Ayotzinapa, Tixtla, Guerrero. ¿Qué haría usted si su hijo estuviera desaparecido? ¿Qué haría si se lo hubieran llevado en el contexto de una masacre? ¿Qué haría si los responsables del crimen fueran justamente los encargados de proveer seguridad a la población? ¿Qué haría si los medios de comunicación difundieran reiteradamente la versión de que el cuerpo de su hijo yace calcinado en una fosa clandestina?
Para los padres de los 43 estudiantes desaparecidos en Iguala, Guerrero, éstas no son preguntas al aire. Son incertidumbres que nos los abandonan y que, cada día, a partir del 27 de septiembre pasado, los consumen, con toda la literalidad de la palabra.

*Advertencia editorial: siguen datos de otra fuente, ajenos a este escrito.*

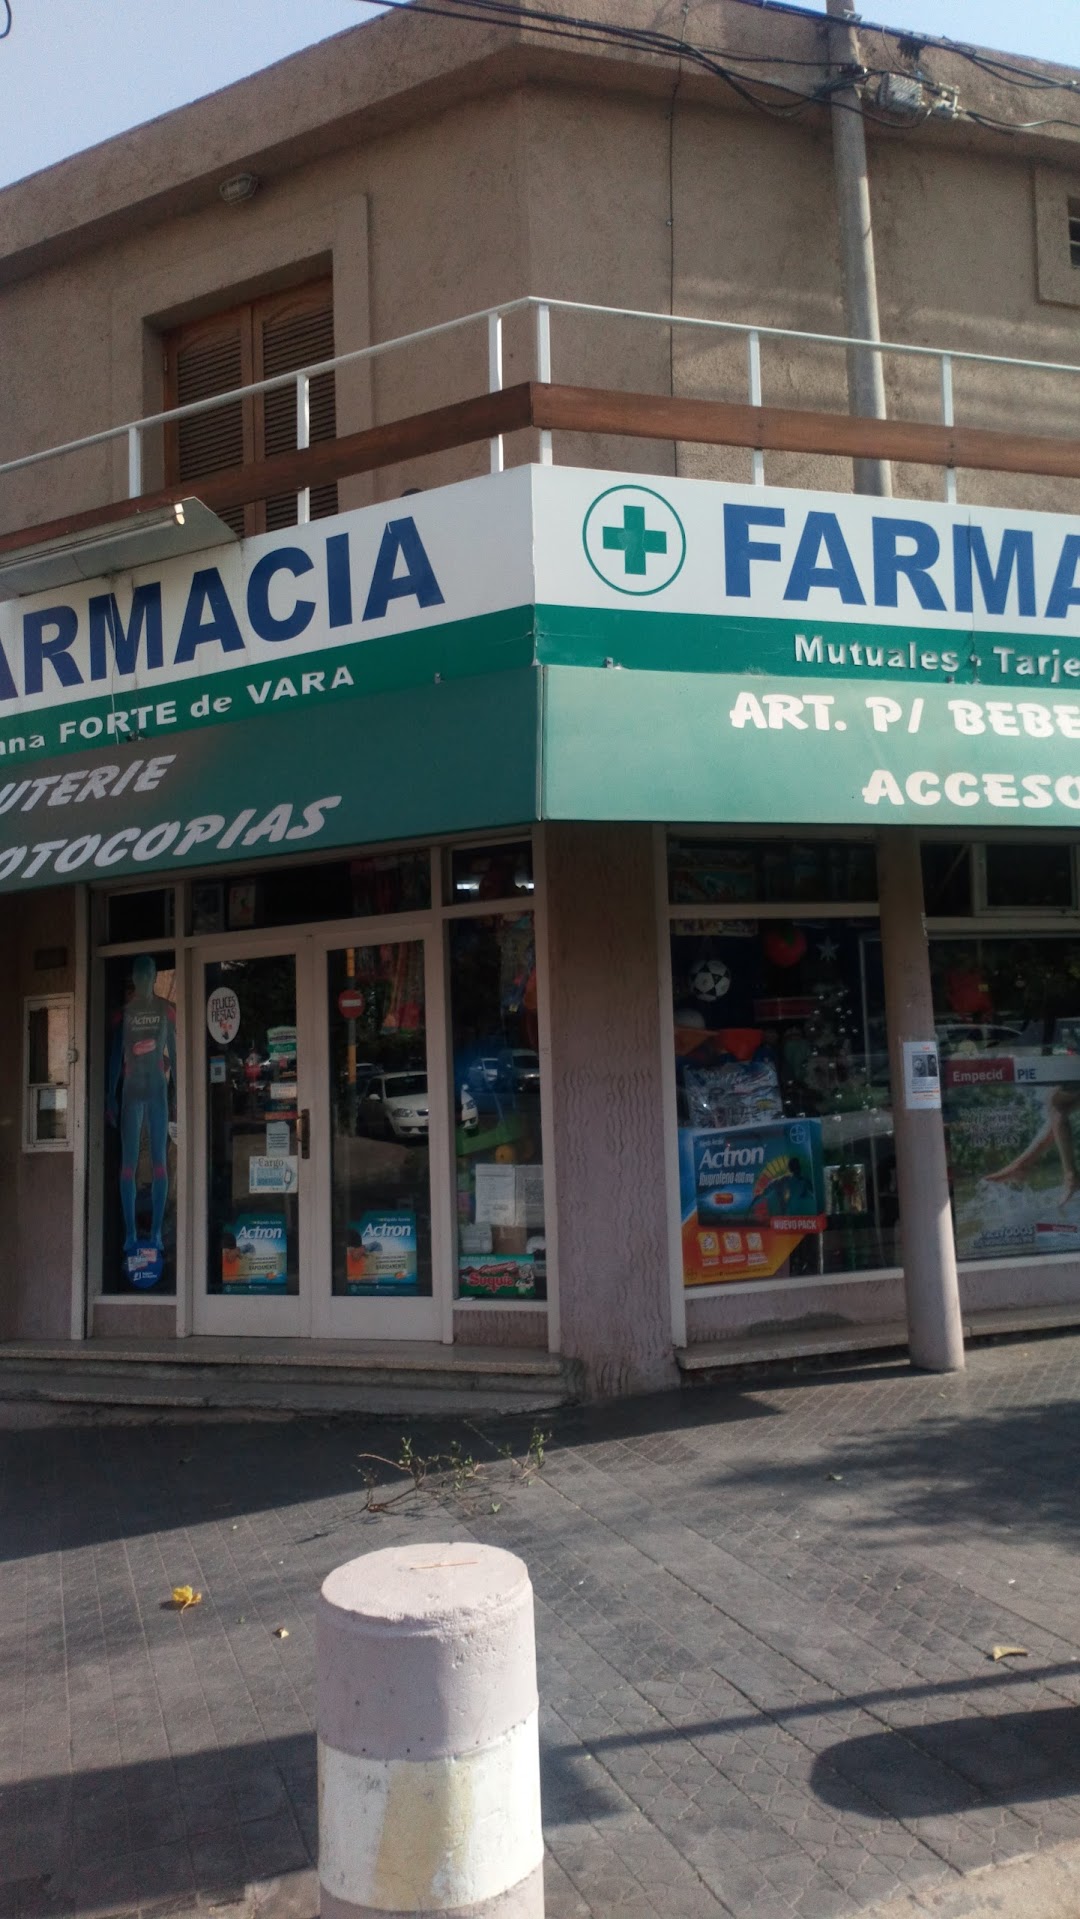 Farmacia Adriana Forte de Vara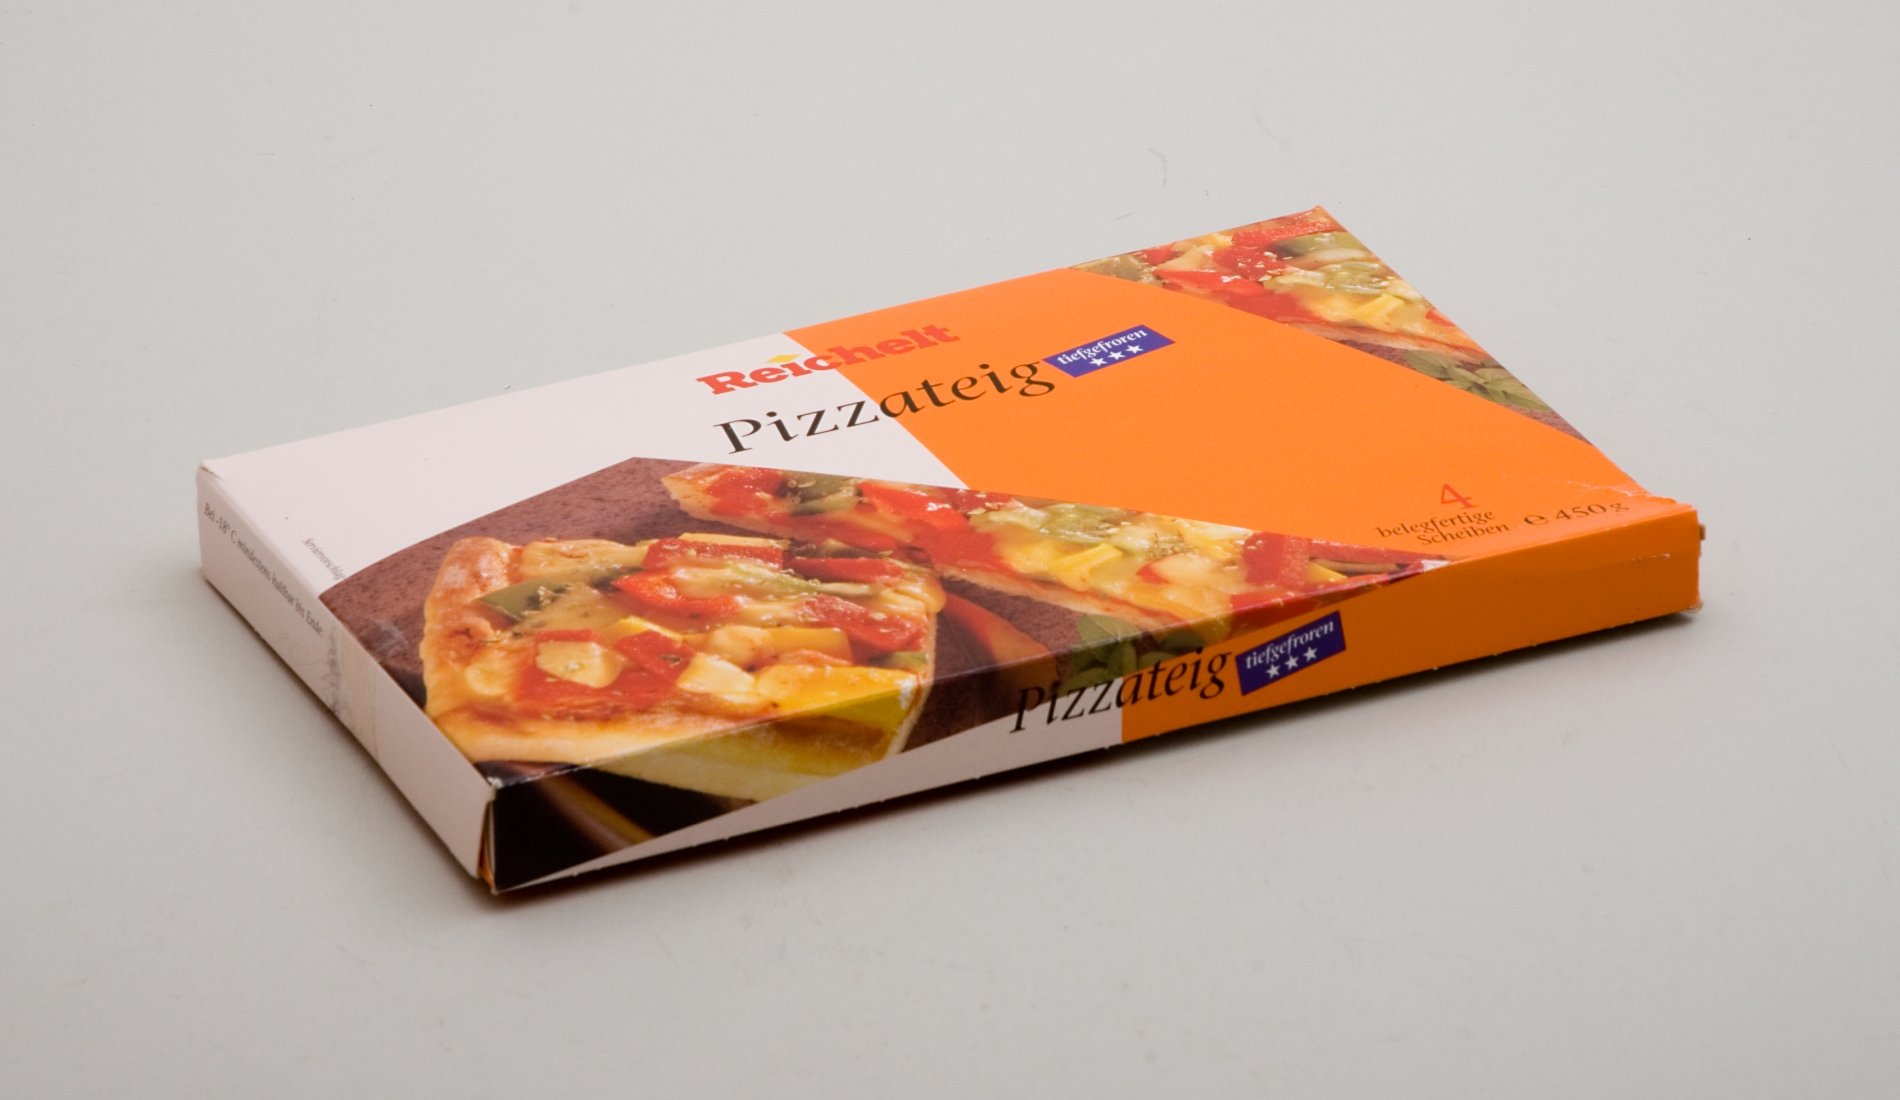 Verpackung "Pizzateig" der Firma "Reichelt" (Stiftung Domäne Dahlem - Landgut und Museum, Weiternutzung nur mit Genehmigung des Museums CC BY-NC-SA)

Fastidiados de atender a los medios de comunicación; sin saber siquiera si la persona al otro lado del micrófono o de la cámara actúa de buena fe o es incluso enviada del gobierno, los padres de familia se vuelven reticentes. “No queremos más entrevistas”, resuelven.
Ante la intervención de un miembro del Comité Ejecutivo Estudiantil de la Escuela Normal Rural Raúl Isidro Burgos, de Ayotzinapa, Fernando, un hombre cuya mirada ya no es de aquí, accede a compartir la tragedia familiar que ahora se ha tornado colectiva. Su hijo no es sólo “uno de los 43”; su nombre es Carlos Lorenzo Hernández Muñoz, un joven que este 11 de octubre cumplirá 19 años de edad.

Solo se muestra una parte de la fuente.